With address randomization? No, you can't guarantee they'll be in any particular place.

I think the only way you could guarantee it is if you're only within a single module and generating the code all at once.

Anything else that isn't in the same blob of generated code and all bets are off. High entropy address randomization is enabled by default for executables, you can disable to make it low entropy and also disable dynamic base addresses, but they can trigger security systems. Otherwise each library's addresses can be anywhere in the 64-bit address space.

frob said:
I think the only way you could guarantee it is if you're only within a single module and generating the code all at once. High entropy address randomization is enabled by default for executables, you can disable to make it low entropy and also disable dynamic base addresses, but they can trigger security systems. Otherwise process addresses can be anywhere in the 64-bit address space.

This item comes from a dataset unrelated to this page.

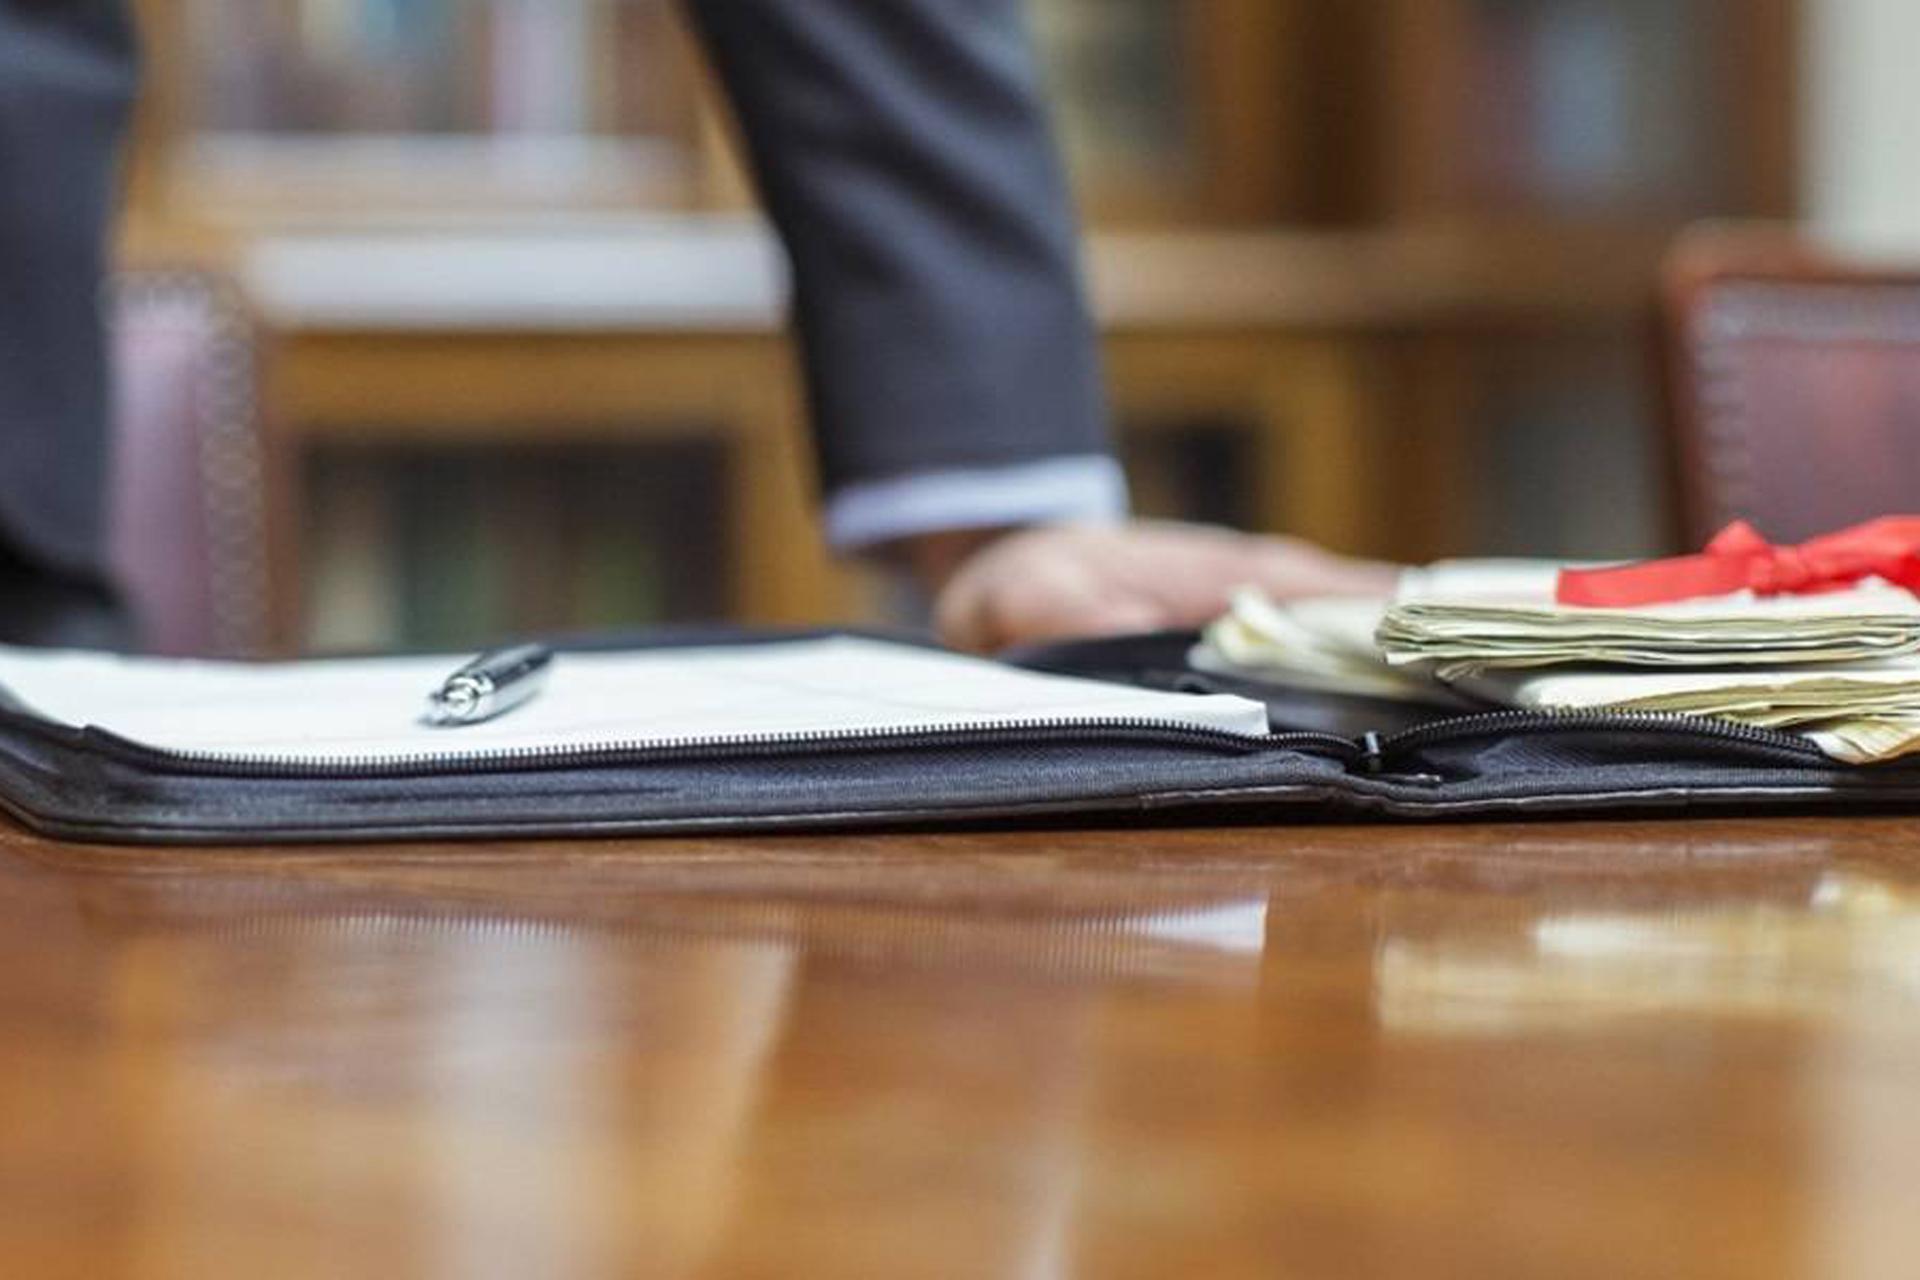 консультация уголовного юриста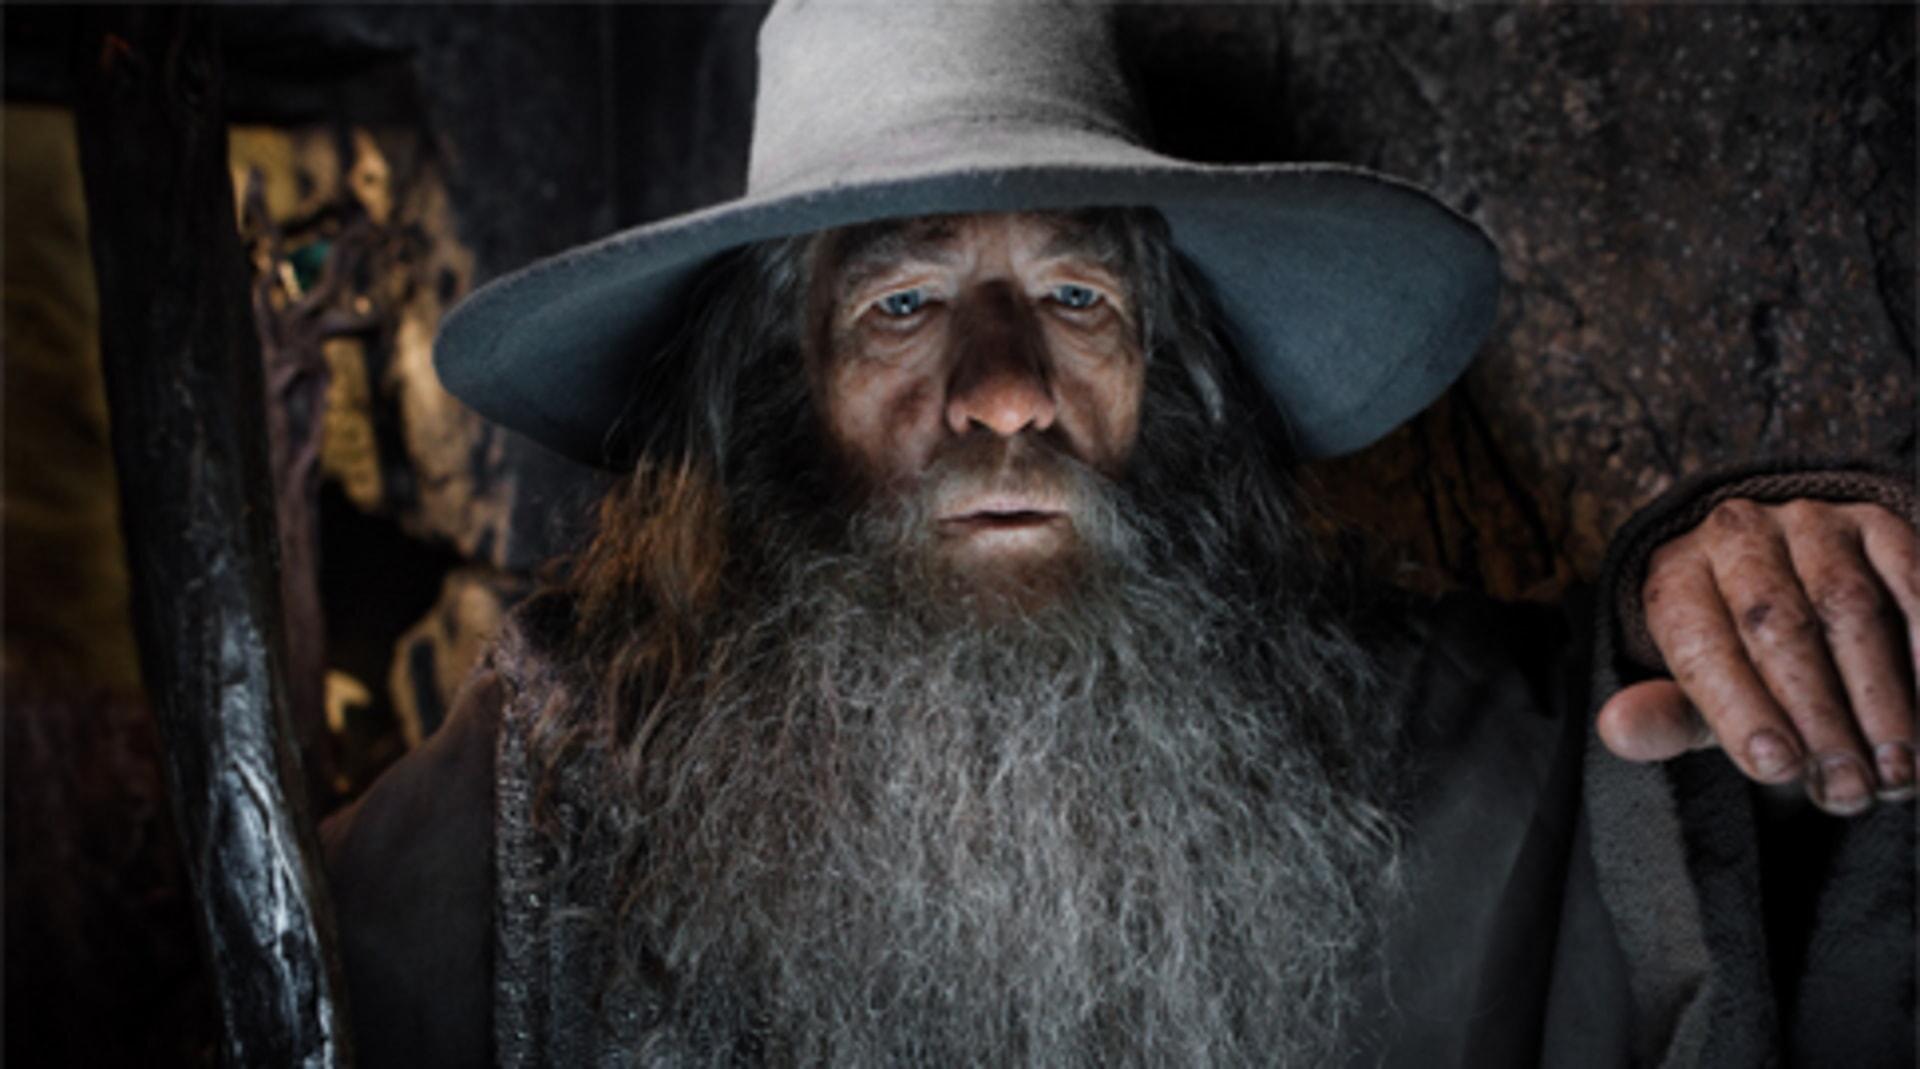 The Hobbit: The Desolation of Smaug - Image 29

I was aware of the addresses being different, I was rather interested in if there is a way to query the base-address at runtime, unlike my rather hackyish-approach of evaluating just one of the many native function-addresses. The process-addresses should at least be relatively in a condensed range, shouldn't they? Because otherwise an application couldn't be using the E8-encoding if the address may randomly be larger than 4 byte of range apart.